Using grep with two variables

Question

I want to use grep with two variables in a shell script

var = match

cat list.txt | while read word_from_list; do
 grep "$word_from_list" "$var" >> words_found.txt
done

But grep expects to get a file as second input:

grep: match: No such file or directory

How can this be solved?

Answer 1

You can use egrep (extended grep), if you want to search lines containing both words on a line you could use:

egrep "($word_from_list|$var)"

If you mean lines containing $var after $word_from_list the following might be clearer:

cat list.txt | while read word_from_list; do
 egrep "$word_from_list.*$var" >> words_found.txt
done

Come to think about it, on what text do you actually want to grep? The stdin is used for the wordlist, did you miss the filename argument to grep in your example?

Answer 2

Two things.

1. You need to specify the input file. Use - for standard input or supply the filename, either way it is the second parameter.

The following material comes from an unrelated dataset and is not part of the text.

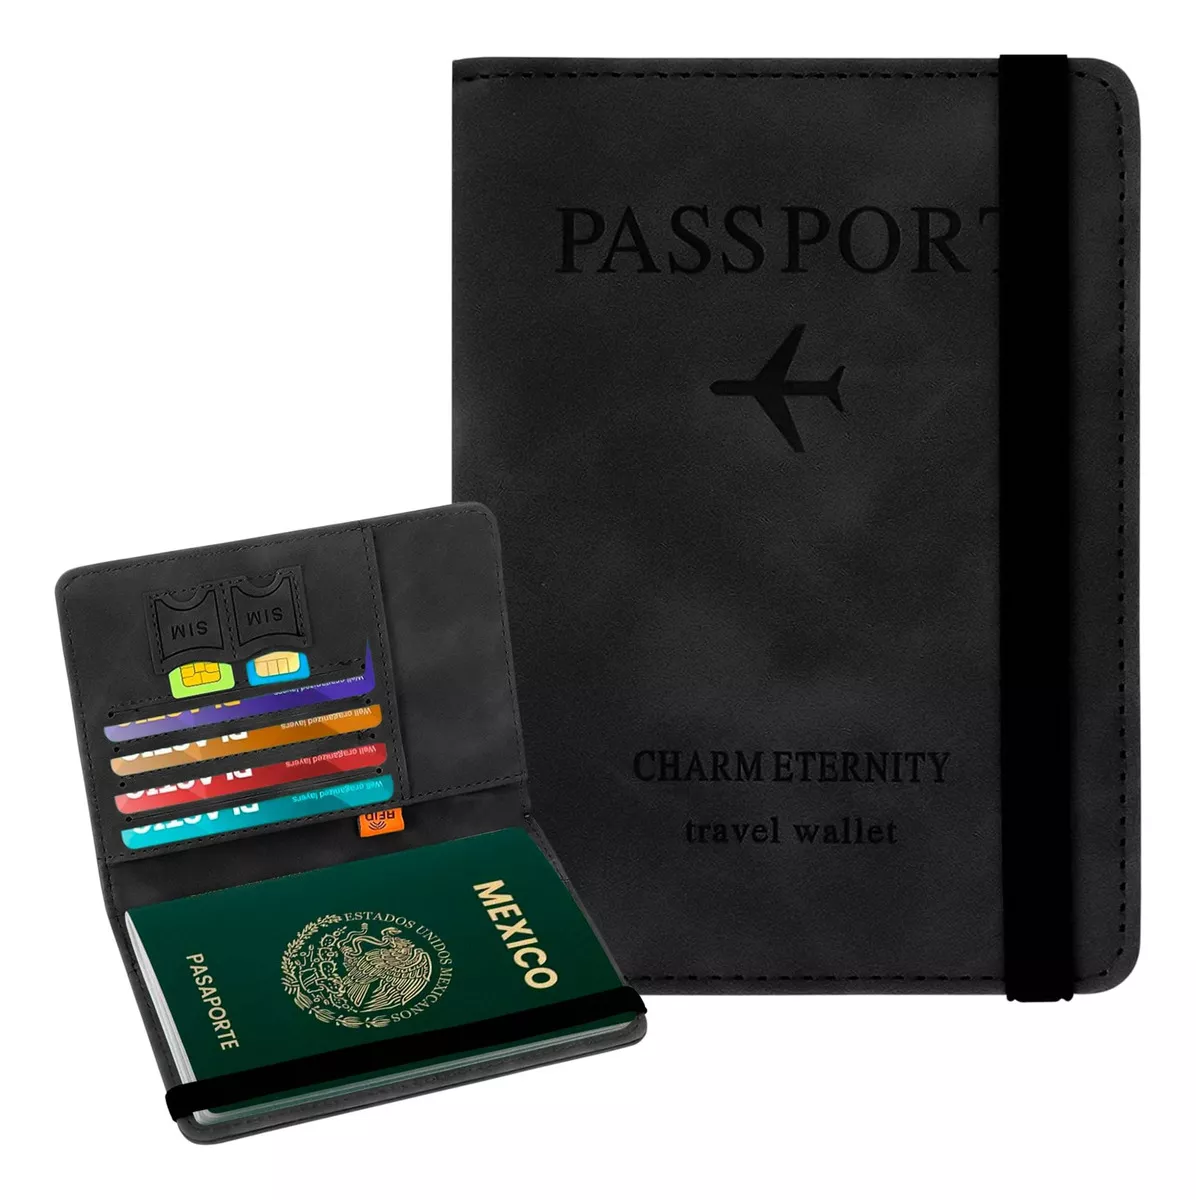 Tercera imagen para búsqueda de pasaporte funda

2. After that there are a couple ways to get a boolean and via grepping. Easiest way is to change:

   grep "$word_from_list" "$var" >> words_found.txt

to:

grep "$word_from_list" - | grep "$var" >> words_found.txt

Alternatively, you can use egrep which takes in regular expressions. To get an boolean and condition you have to specify both ordering cases. The .* allows gaps between the words.

egrep "($word_from_list.*$var)|($var.*$word_from_list)" >> words_found.txt

Answer 3

A quick scan of the grep man page suggests that you can use -e for multiple patterns, eg.

grep -e "$word_from_list" -e "$var"

If you find yourself with a large number of patterns, you might want to use the -f option to read these from a file instead.